I have tested the big-jobs setting with the query from P10482:

import wmfdata as wmf

SPARK_CONFIG = {
    "spark.driver.memory": "4g",
    "spark.dynamicAllocation.maxExecutors": 128,
    "spark.executor.memory": "8g",
    "spark.executor.cores": 4,
    "spark.sql.shuffle.partitions": 512
}


state_views = wmf.hive.run("""
SELECT
  subdivision AS state,
  CONCAT_WS("-", year, LPAD(month, 2, "0"), LPAD(day, 2, "0")) AS date,
  COUNT(1) AS views
FROM wmf.pageview_hourly
WHERE
  country_code = "IN" AND
  user_agent_map["os_family"] IN ("Firefox OS", "KaiOS") AND
  (
    year = 2019 AND month >= 11 OR
    year = 2020
   )
GROUP BY
  subdivision,
  CONCAT_WS("-", year, LPAD(month, 2, "0"), LPAD(day, 2, "0"))
""", spark_config=SPARK_CONFIG)

Job succeeded in ~7mins.
Let's continue to communicate and make sure we provide you folks with better defaults and a better understanding of how to tweak them :)

There is some misunderstanding here between recommendations and examples IMO. the links pasted in the task definition show examples, not recommendations, and I don't think they have been advertised as such.

I see your point, but when the examples prominently feature those settings, that does imply that they're good starting points. If these are the best starting points, maybe the examples should use them instead. Just something to keep in mind! 😁

About recommendations, there is no one-size-fits-all, as usual. The approach we have used so far with embedded spark kernels is to suggest 3 sizes depending on how much data is processed.
I'll replicate similar settings here except for the spark-local one.
The settings use heavy-executors (8g memory and 4 cpu-cores), and provides more or less of them depending on job size, adjusting driver memory setting and defualt sql-shuffle partitions accordingly.

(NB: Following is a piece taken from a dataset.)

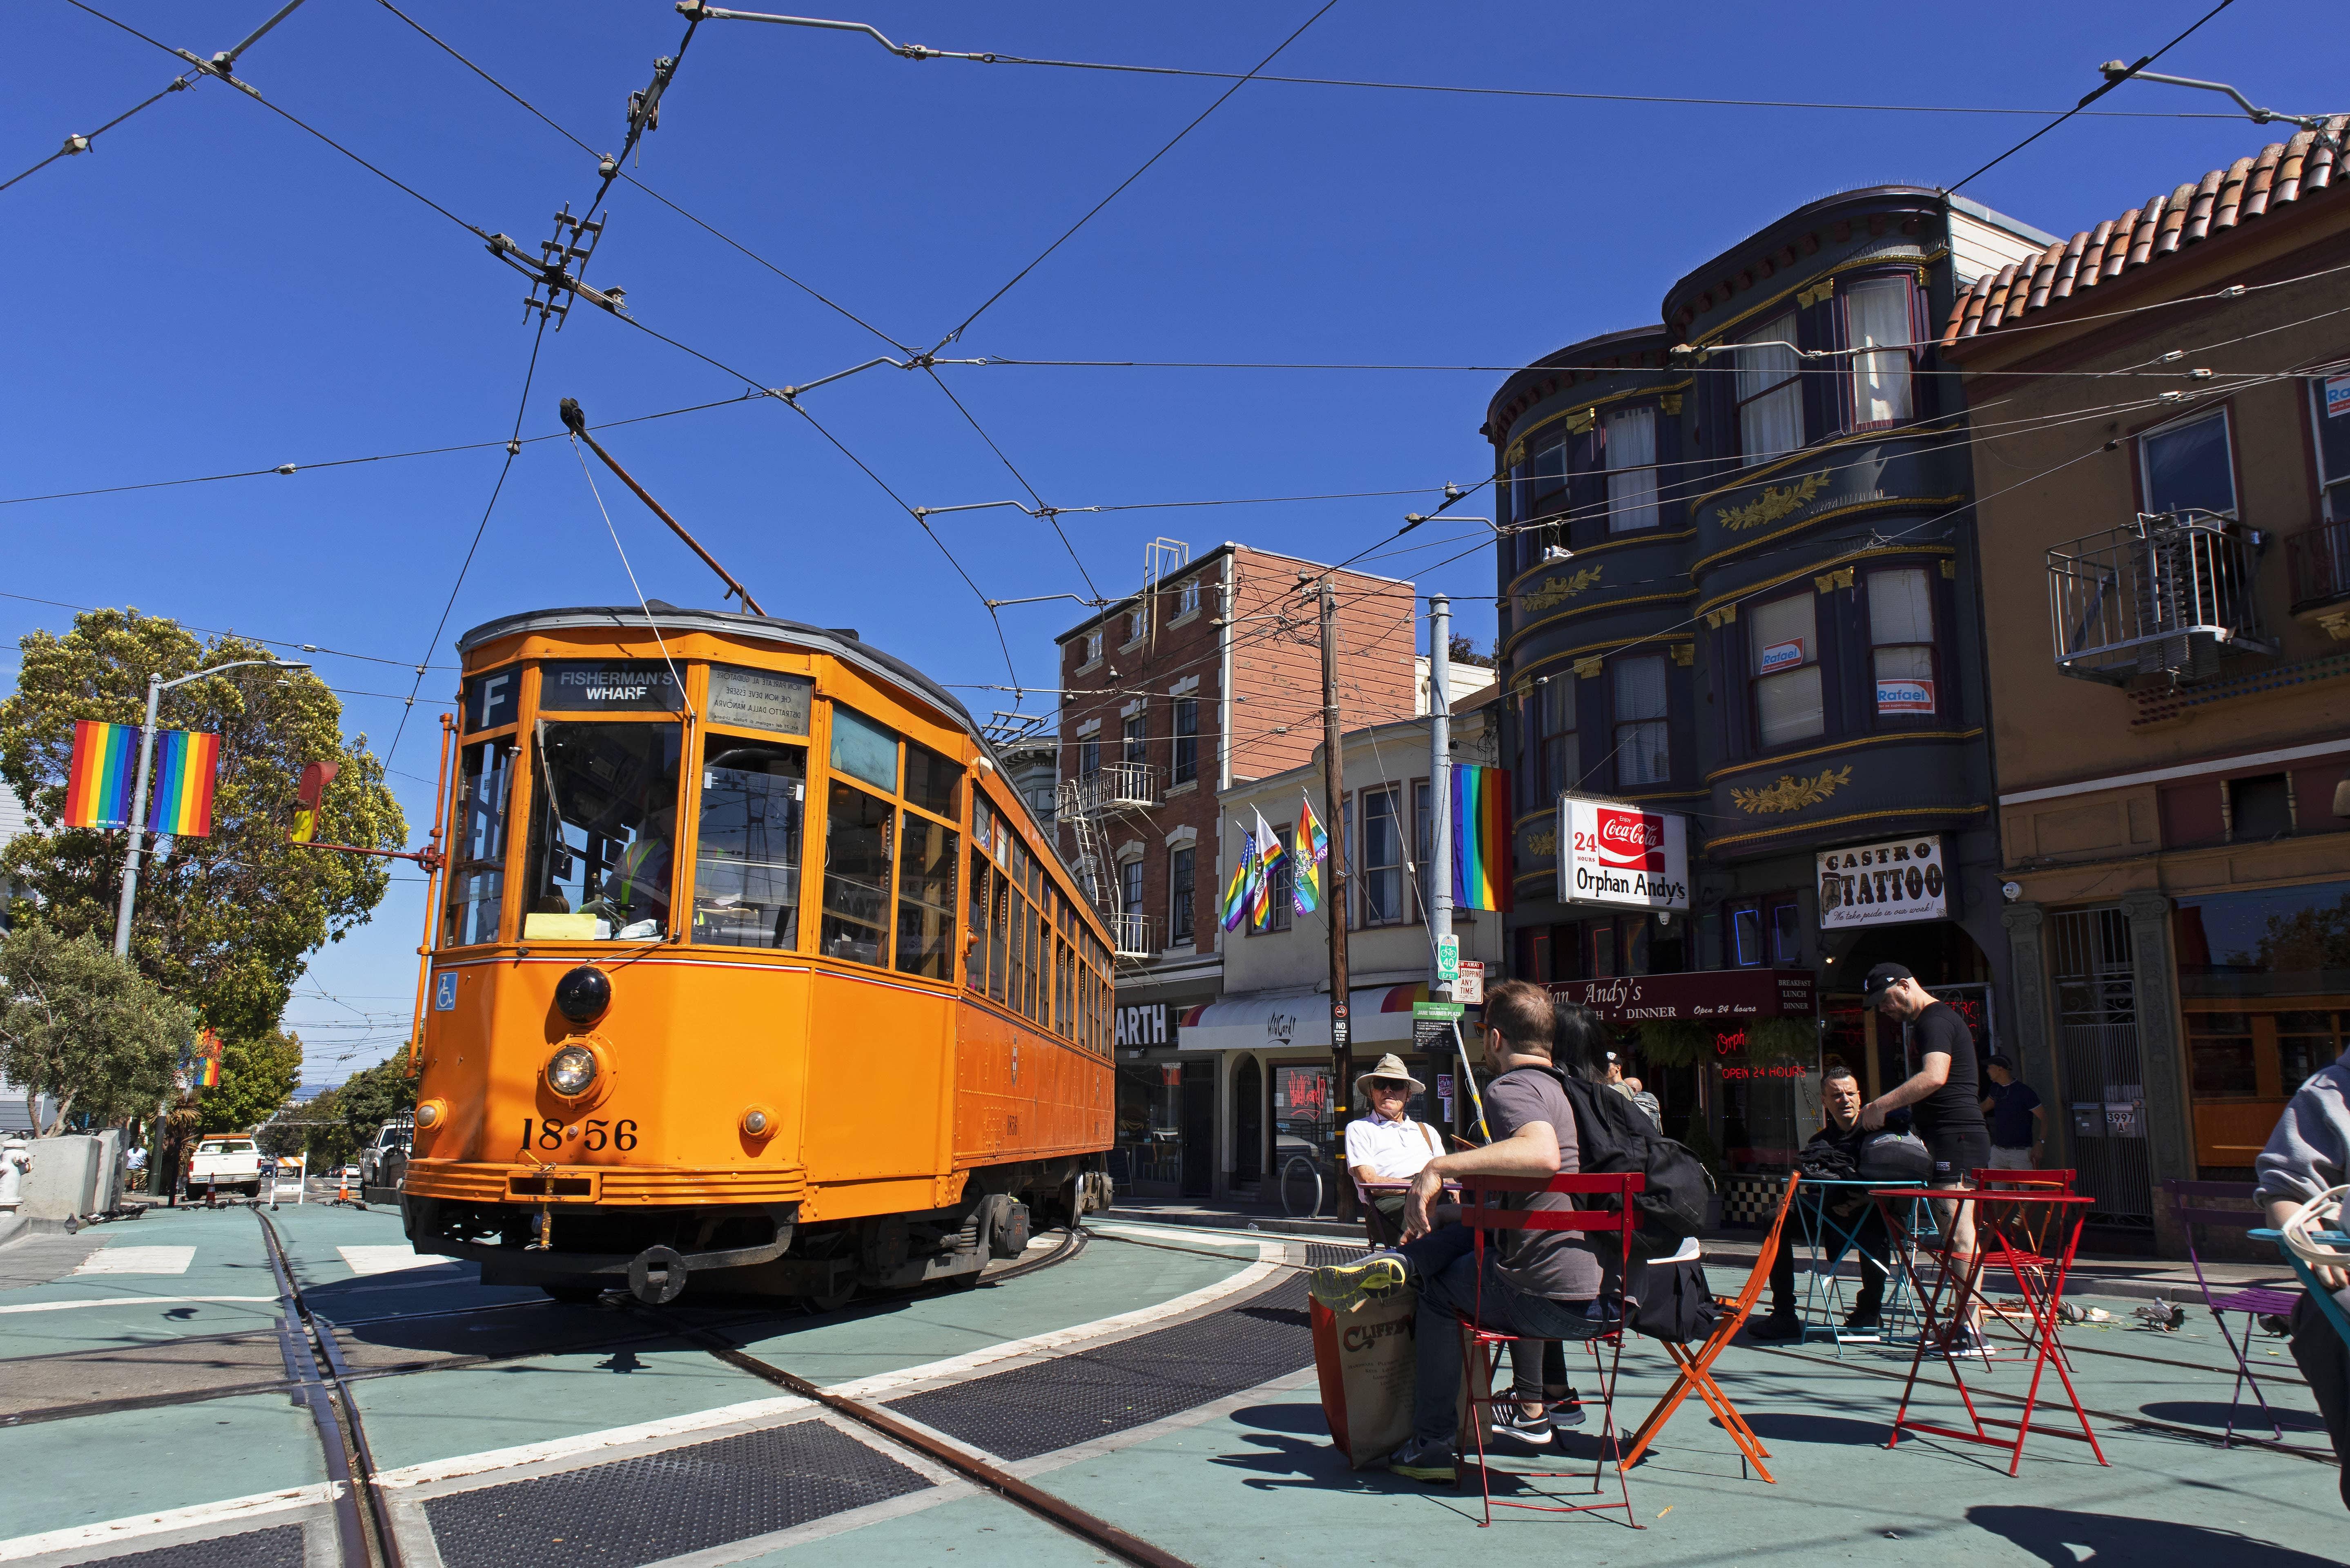 Photo of a streetcar in San Francisco's Castro neighborhood

  • Regular Jobs - Up to almost 15% of cluster resources
SPARK_CONFIG = {
    "spark.driver.memory": "2g",
    "spark.dynamicAllocation.maxExecutors": 64,
    "spark.executor.memory": "8g",
    "spark.executor.cores": 4,
    "spark.sql.shuffle.partitions": 256
}
  • Big Jobs - Up to almost 30% of cluster resources
SPARK_CONFIG = {
    "spark.driver.memory": "4g",
    "spark.dynamicAllocation.maxExecutors": 128,
    "spark.executor.memory": "8g",
    "spark.executor.cores": 4,
    "spark.sql.shuffle.partitions": 512
}

Thank you very much! This is exactly what I had I mind and I will definitely incorporate these into wmfdata.

However, these are actually very different than the settings for the YARN kernel and YARN - Large kernel (I included the settings for these kernels when I was collecting "recommendations" in the description).

Should those be updated?

Job succeeded in ~7mins.
Let's continue to communicate and make sure we provide you folks with better defaults and a better understanding of how to tweak them :)

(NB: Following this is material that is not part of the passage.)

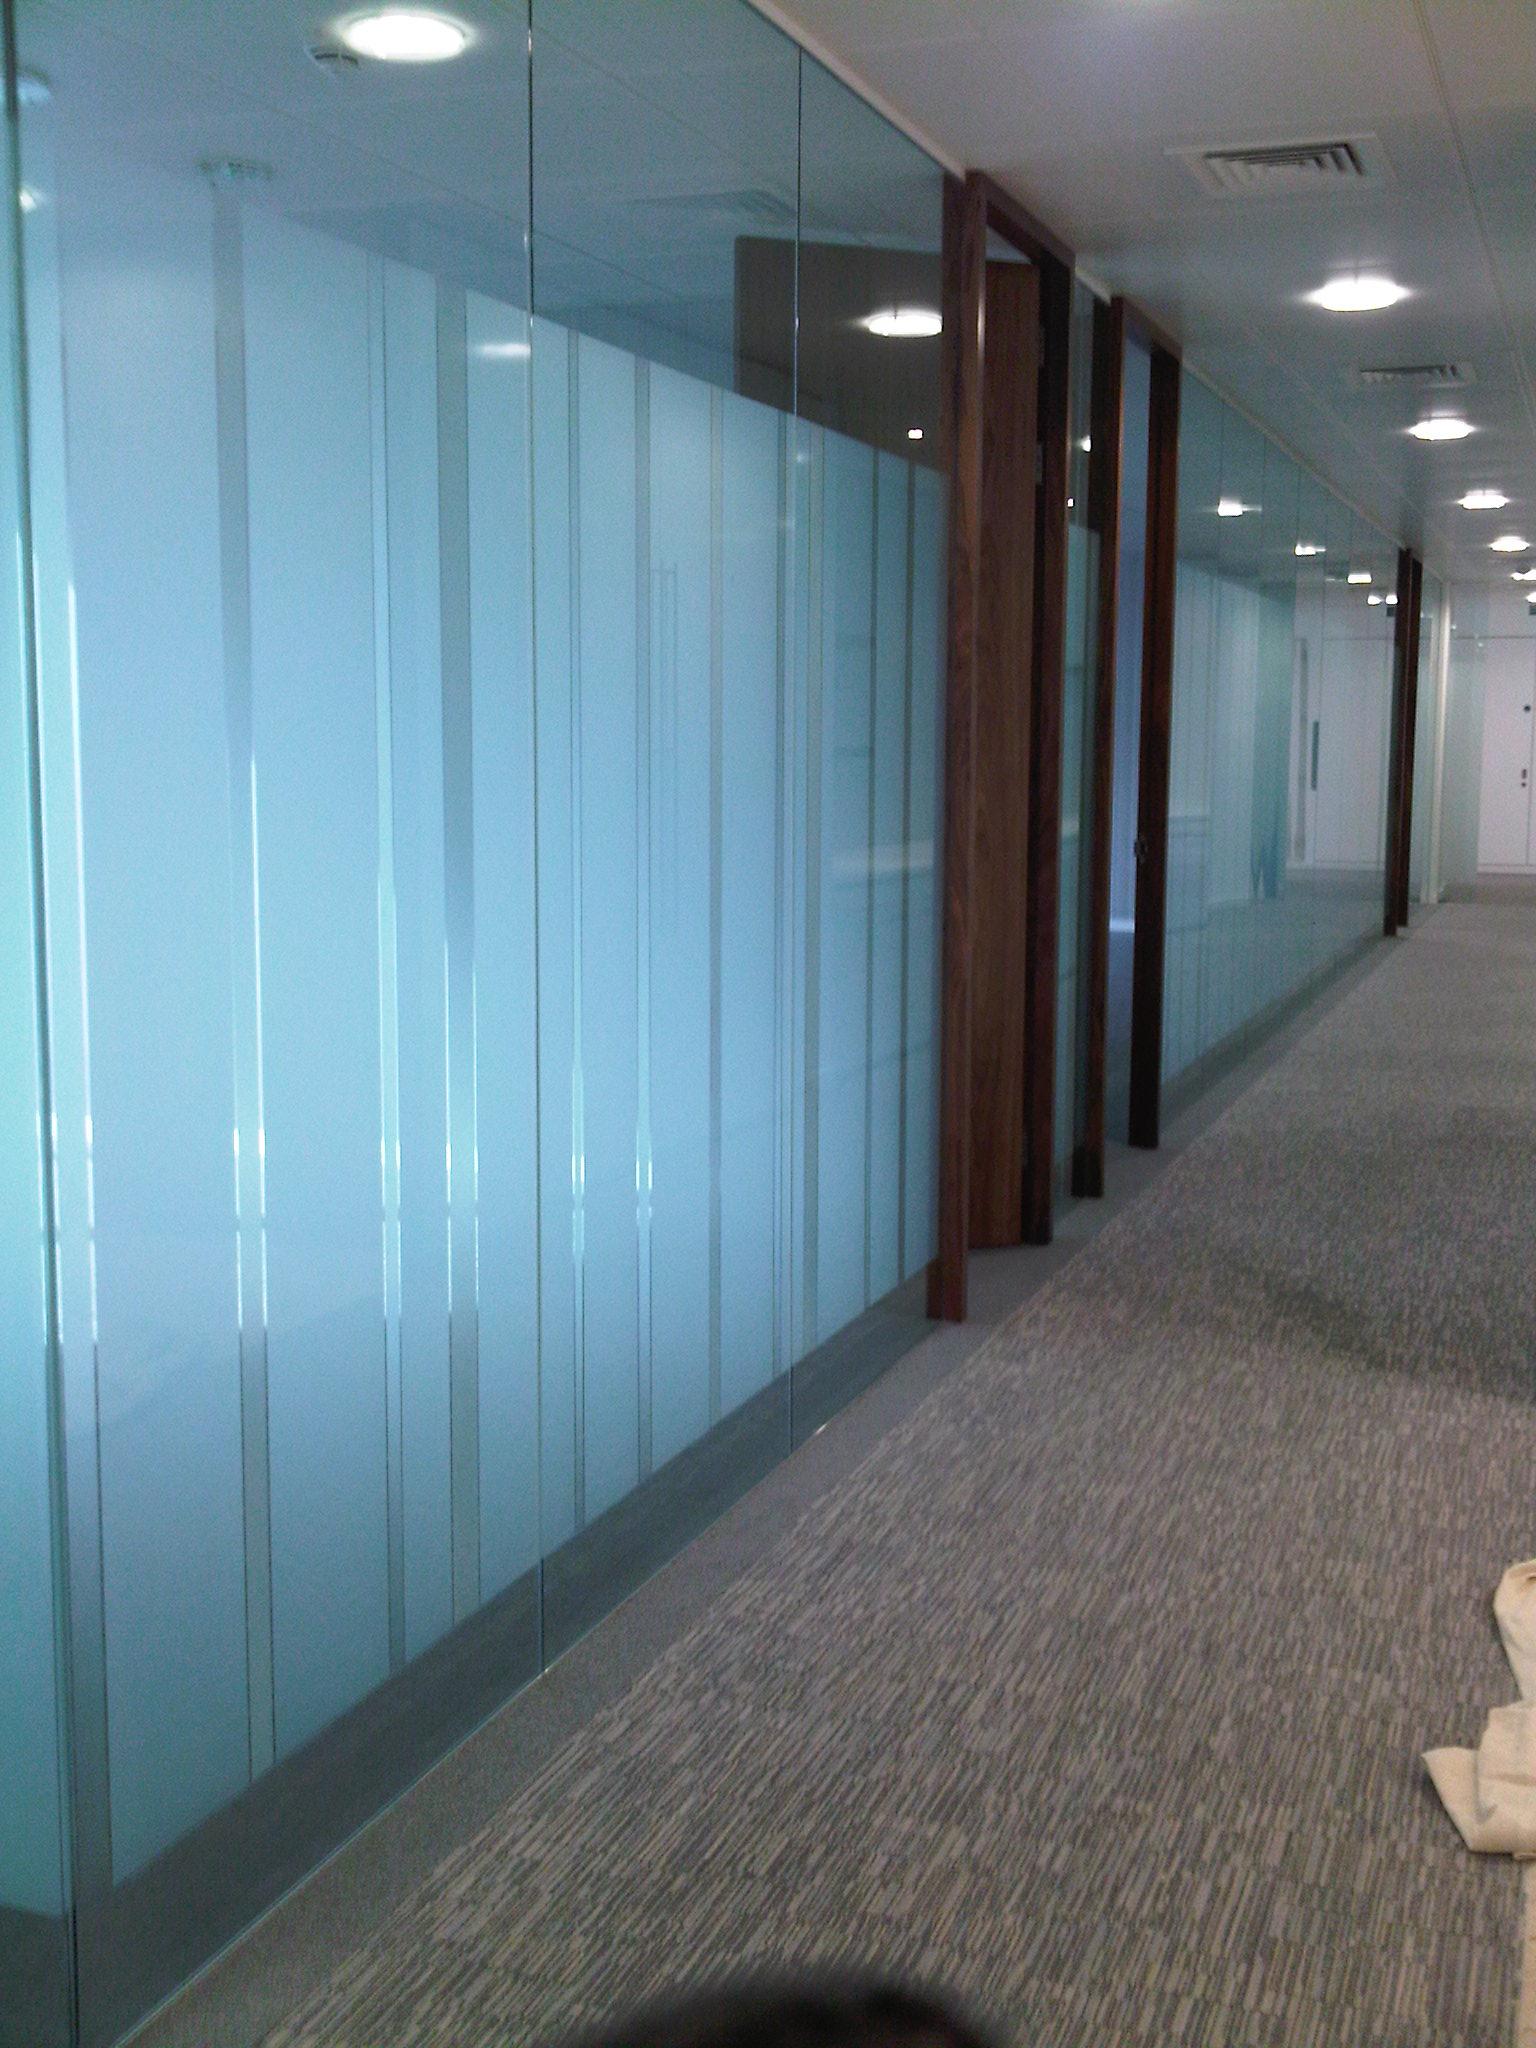 Meeting Room Stripes

Absolutely! I'm very happy to have your help.

Change 574710 had a related patch set uploaded (by Joal; owner: Joseph Allemandou):
[analytics/jupyterhub/deploy@master] Update spark kernels settings for consistency

https://gerrit.wikimedia.org/r/574710

If these are the best starting points, maybe the examples should use them instead.

I have updated the SWAP and Spark wikitech pages with default values that match the ones presented above, and sent a code review for the SWAP spark-kernels :)

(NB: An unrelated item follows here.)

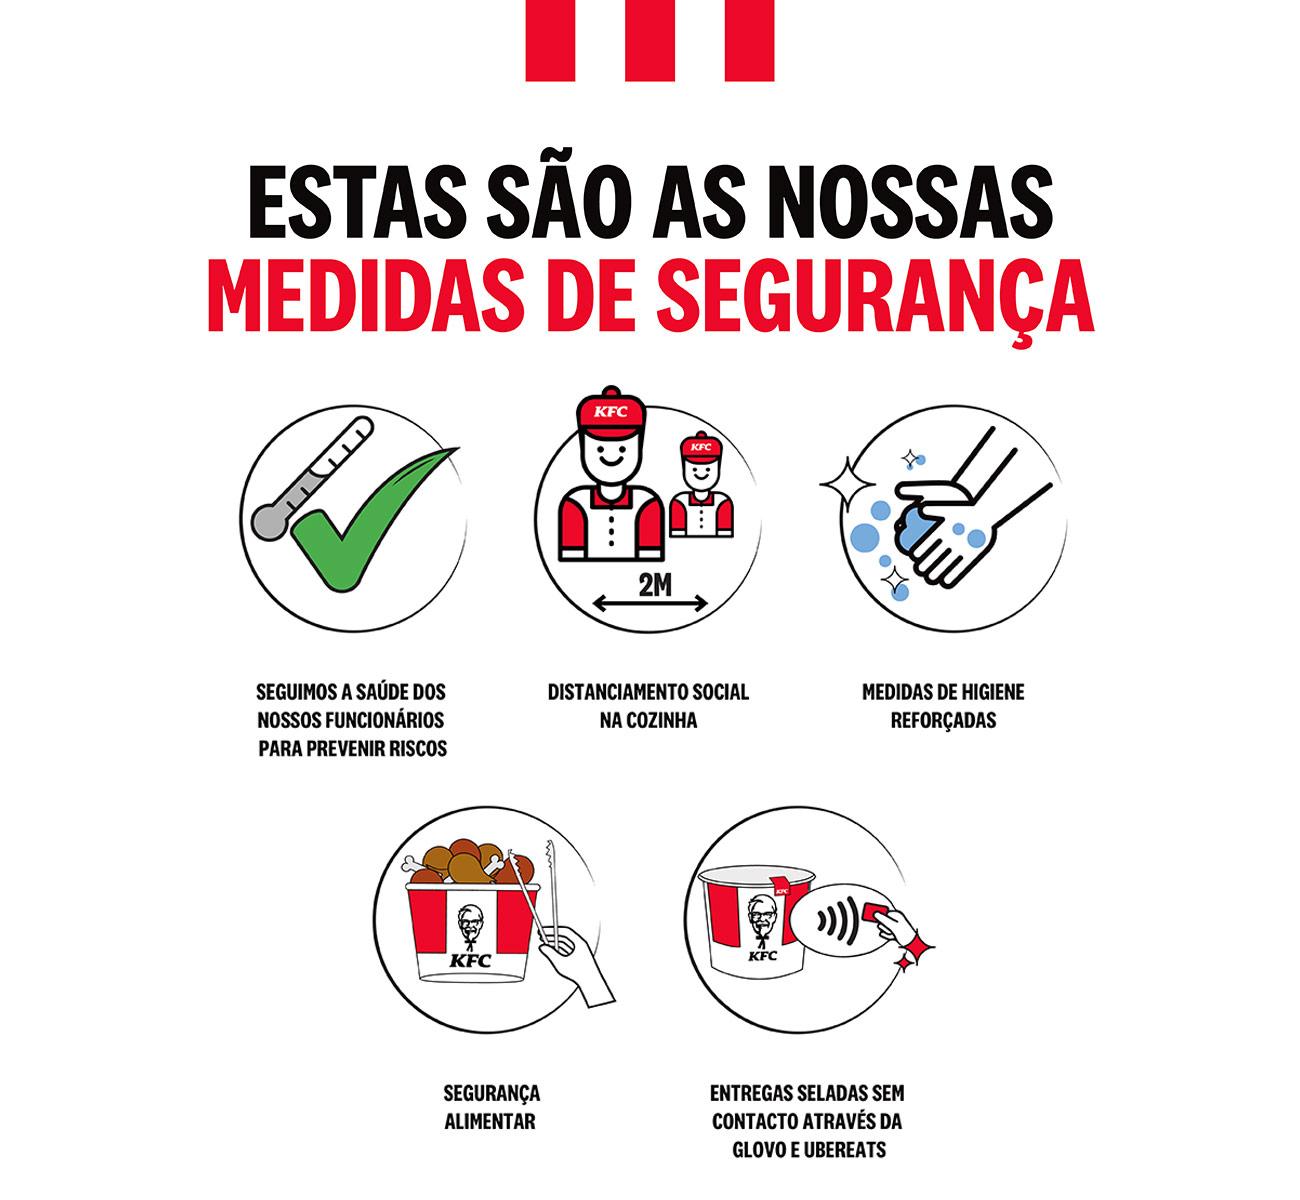 KFC Medidas de Segurança

JAllemandou added a project: Analytics-Kanban.
JAllemandou set Final Story Points to 3.
JAllemandou moved this task from Next Up to In Code Review on the Analytics-Kanban board.

Change 574710 merged by Ottomata:
[analytics/jupyterhub/deploy@master] Update spark kernels settings for consistency

https://gerrit.wikimedia.org/r/574710

Merged and deployed updated spark kernels on notebook1003 and notebook1004.

Thank y'all so much! This is very helpful, and the consistency really helps reduce the mental overhead for us.

@JAllemandou, thank you for updating Wikitech! I've added to that by updating the Spark page with a more explicit section about settings. Please review that and make sure I haven't introduced any errors 😊

FYI, from my perspective, this is done. Thanks again!

Nuria set the point value for this task to 0.